ASSIGNMENT:
The expected response is the complete listing below, restated exactly, with its pictures omitted.

DATA PROVIDED:
_____

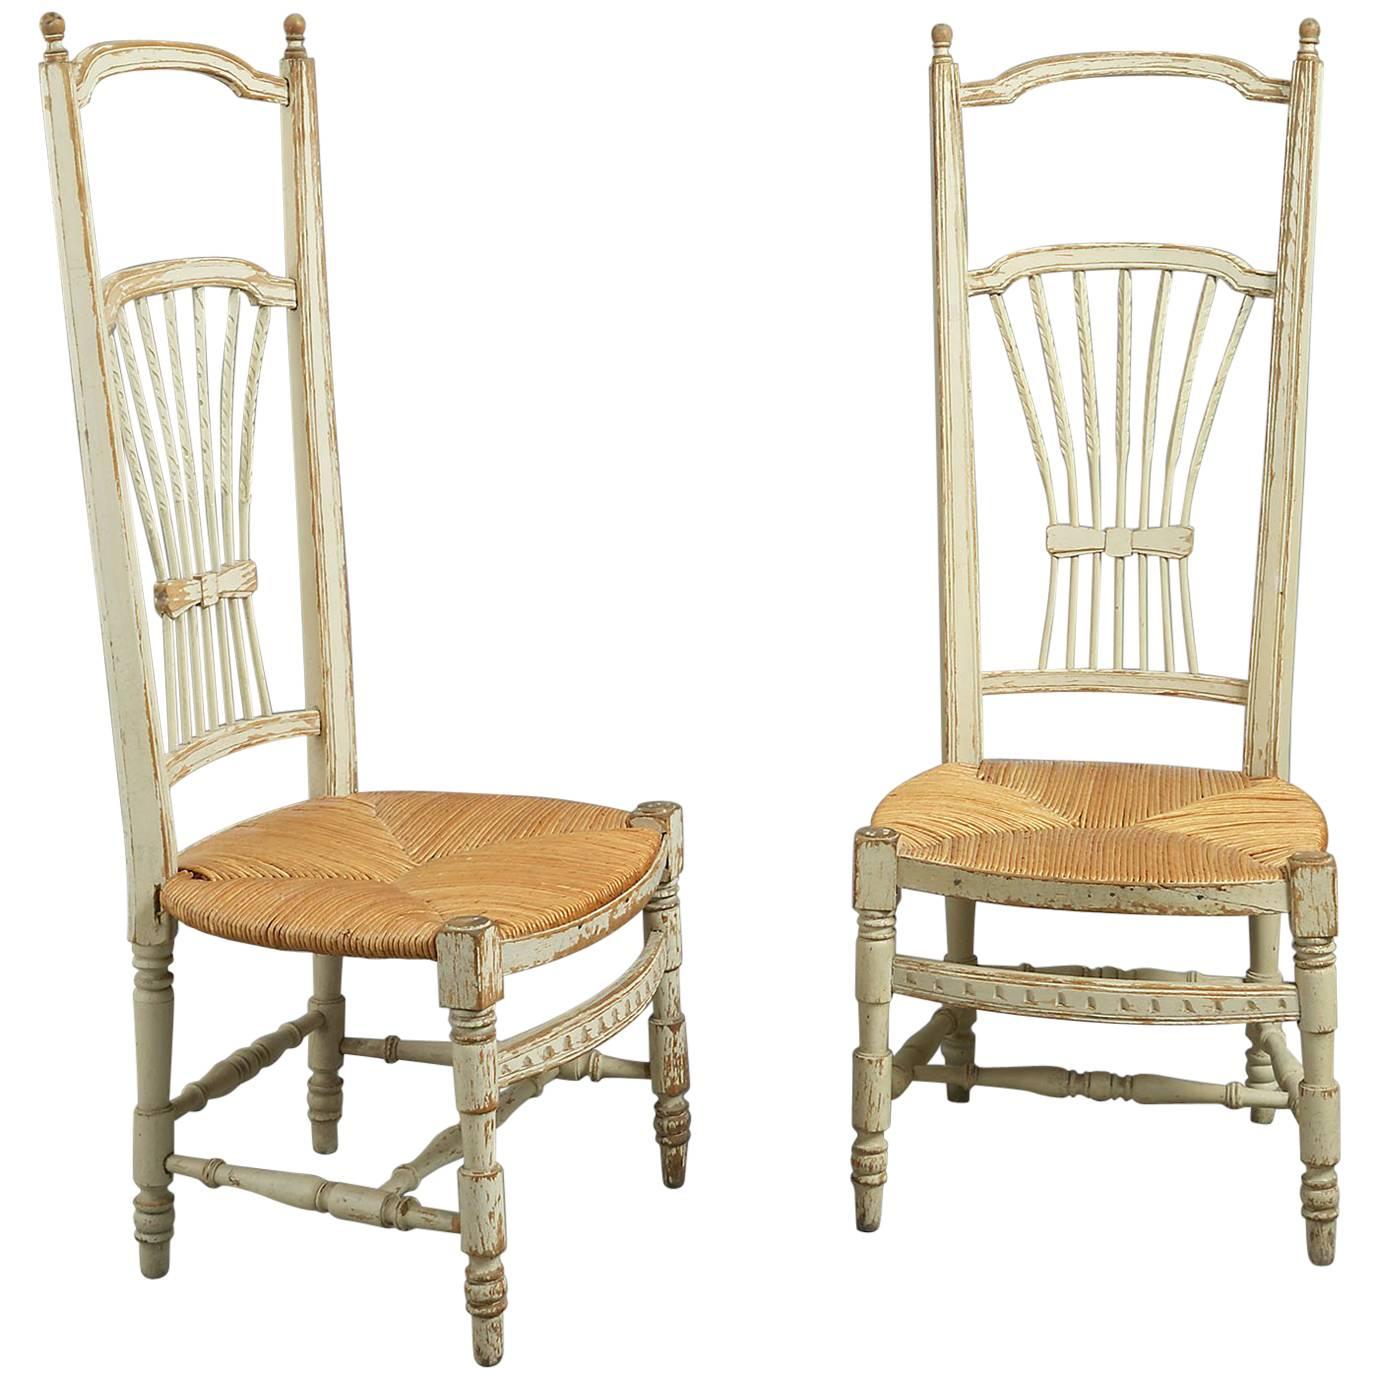 Pair of French Painted Chairs
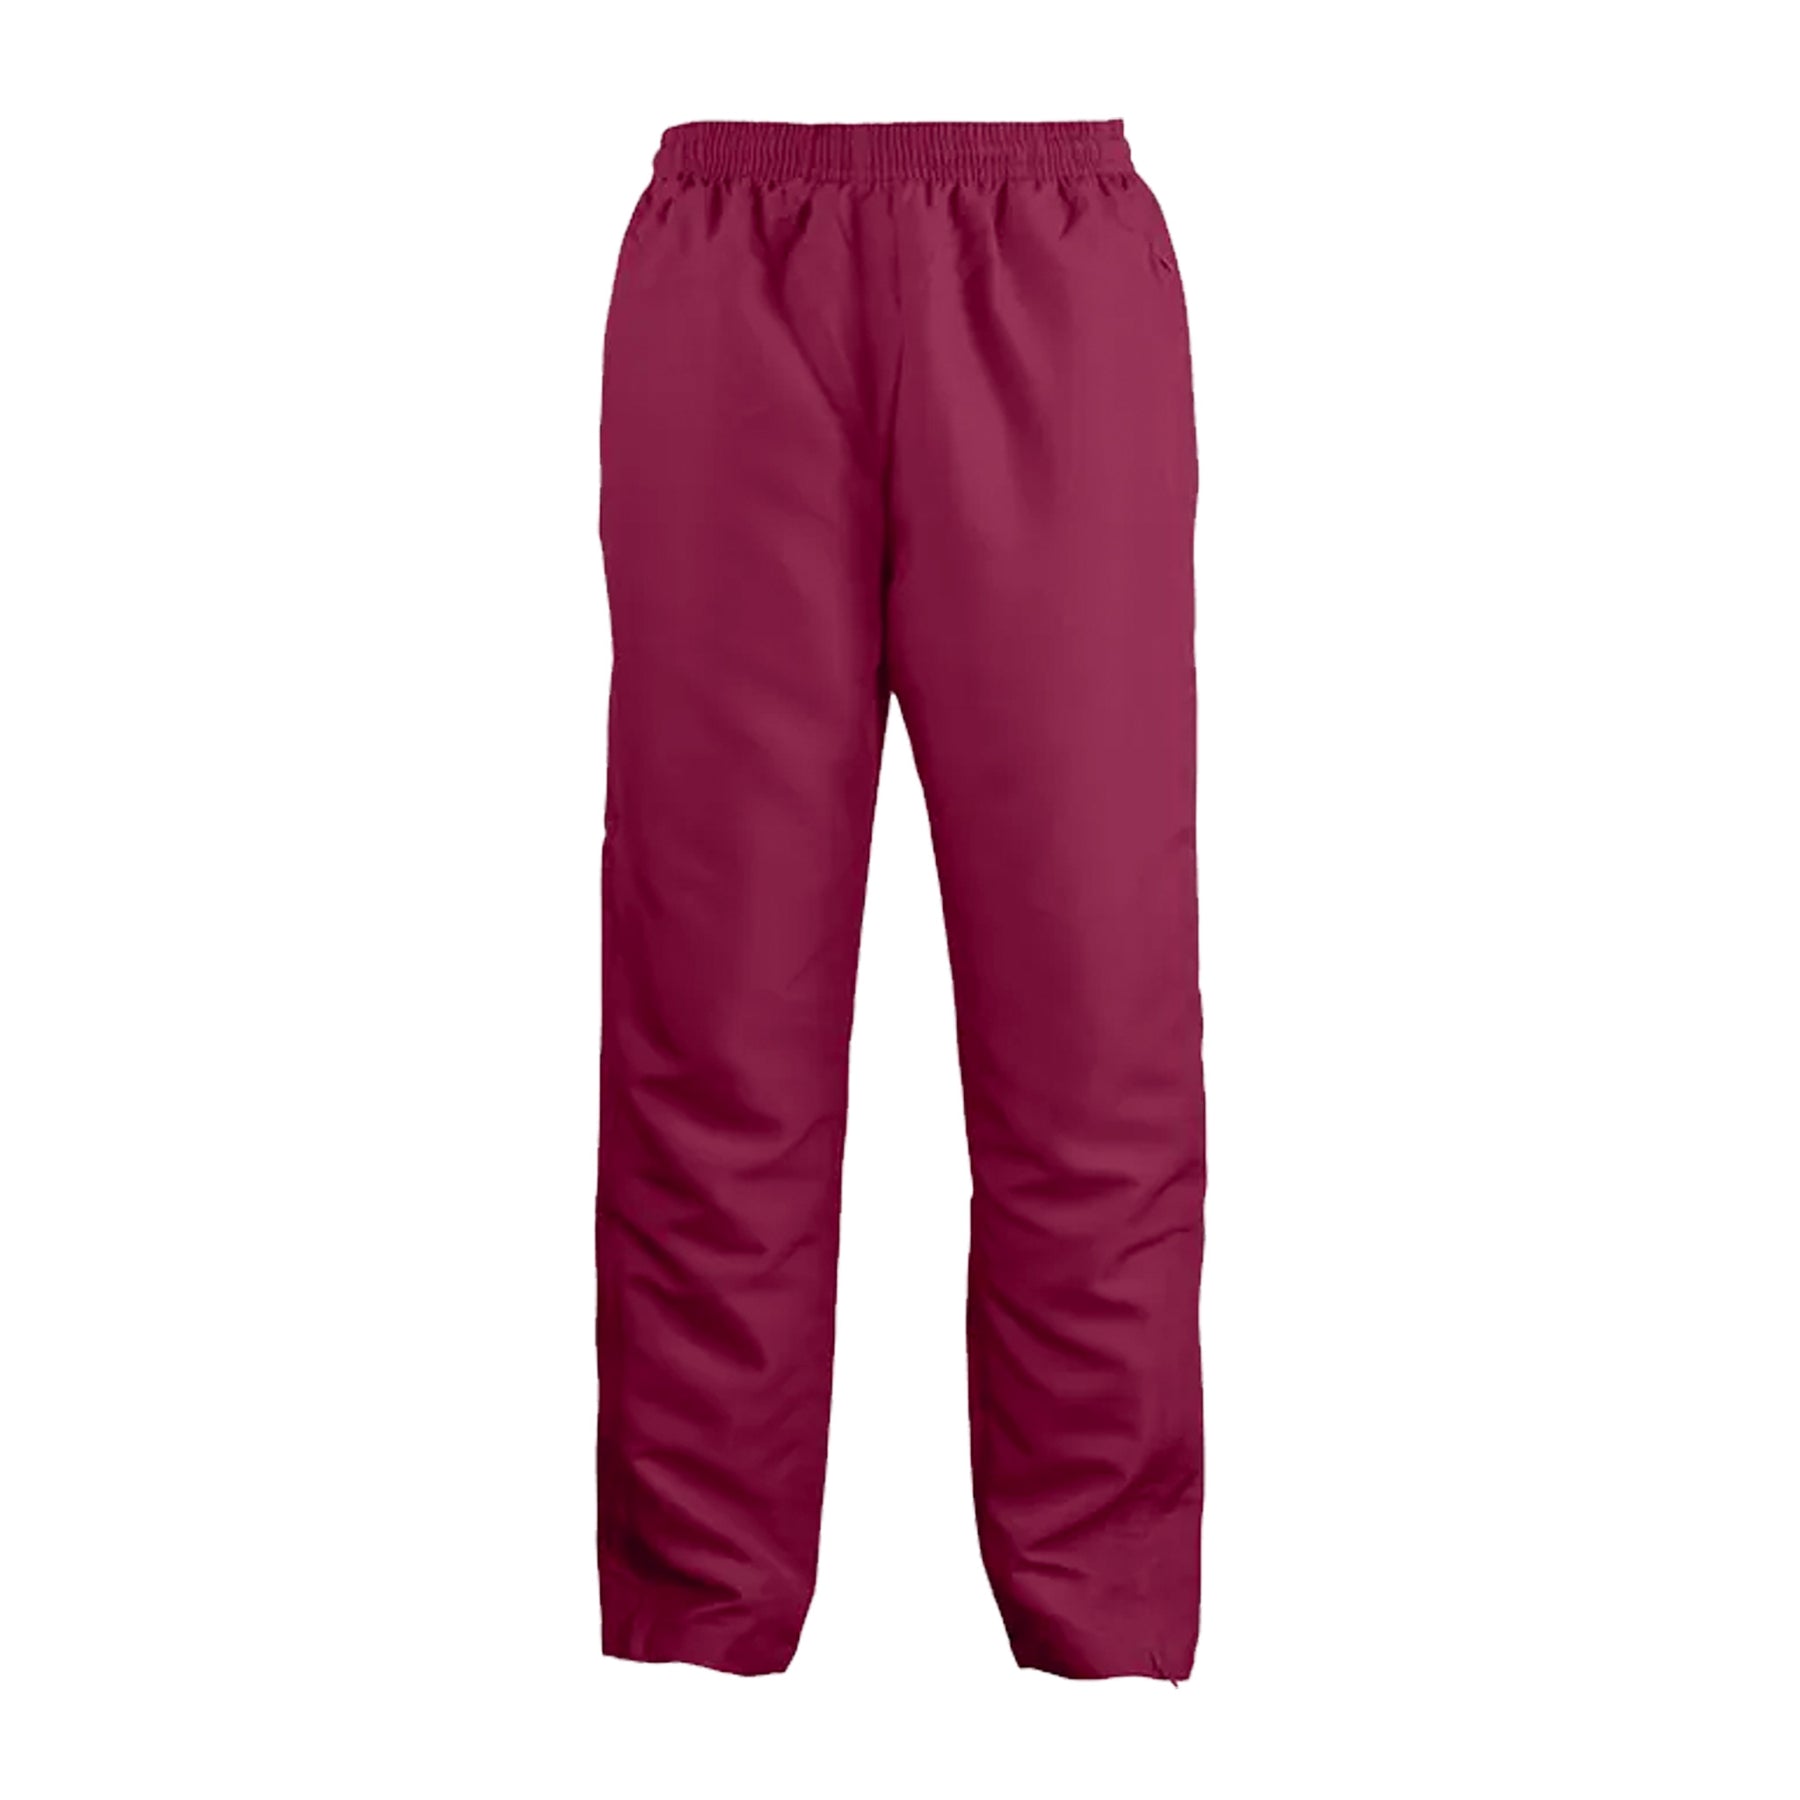 aussie pacific mens trackpants in maroon
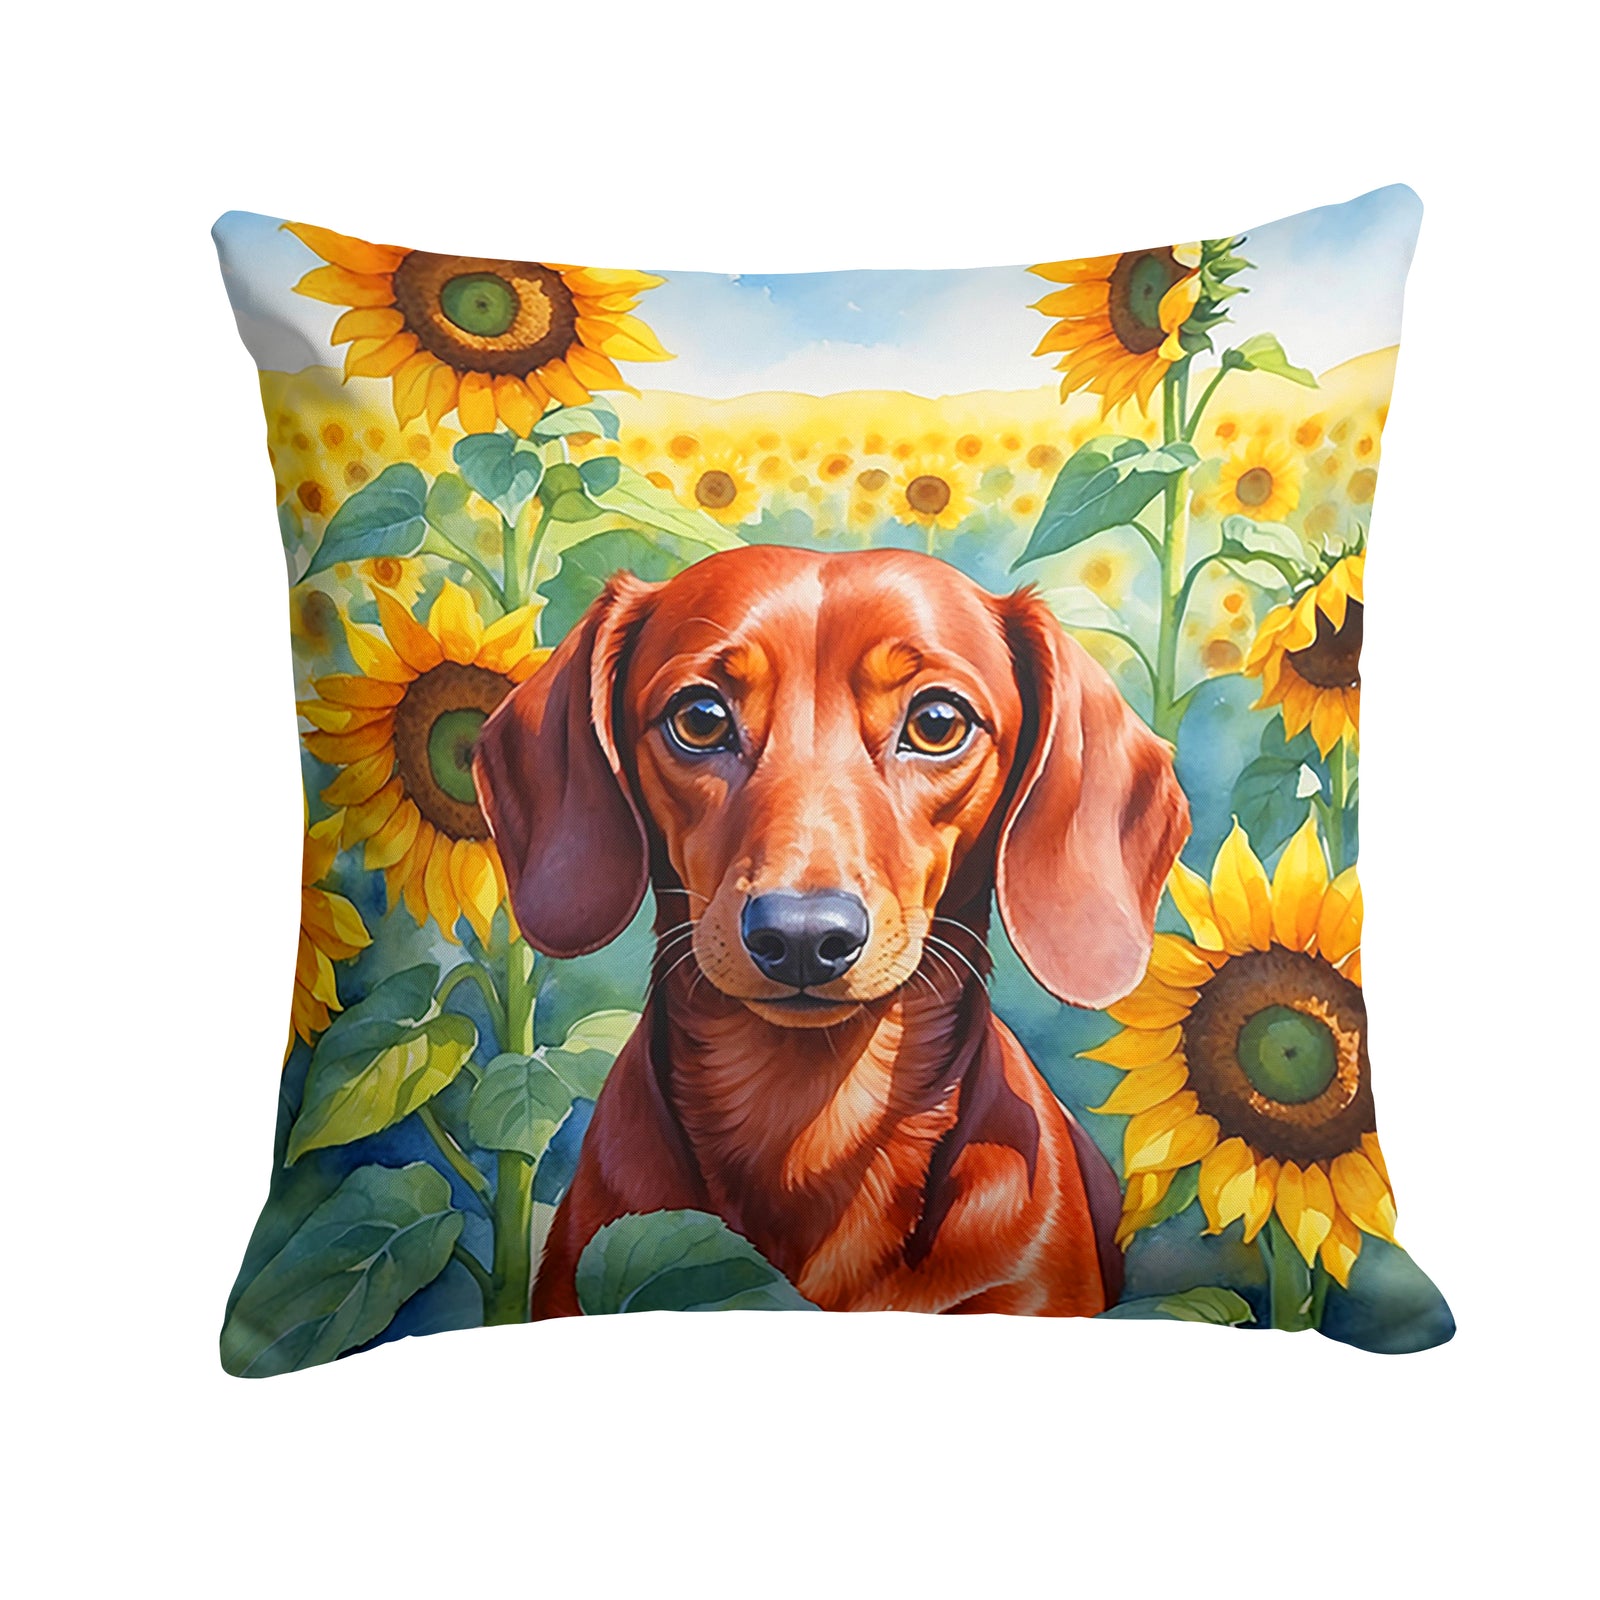 Buy this Dachshund in Sunflowers Throw Pillow

_____

TASK OUTPUT:
 Pair of French Painted Chairs
 aussie pacific mens trackpants in maroon
 Buy this Dachshund in Sunflowers Throw Pillow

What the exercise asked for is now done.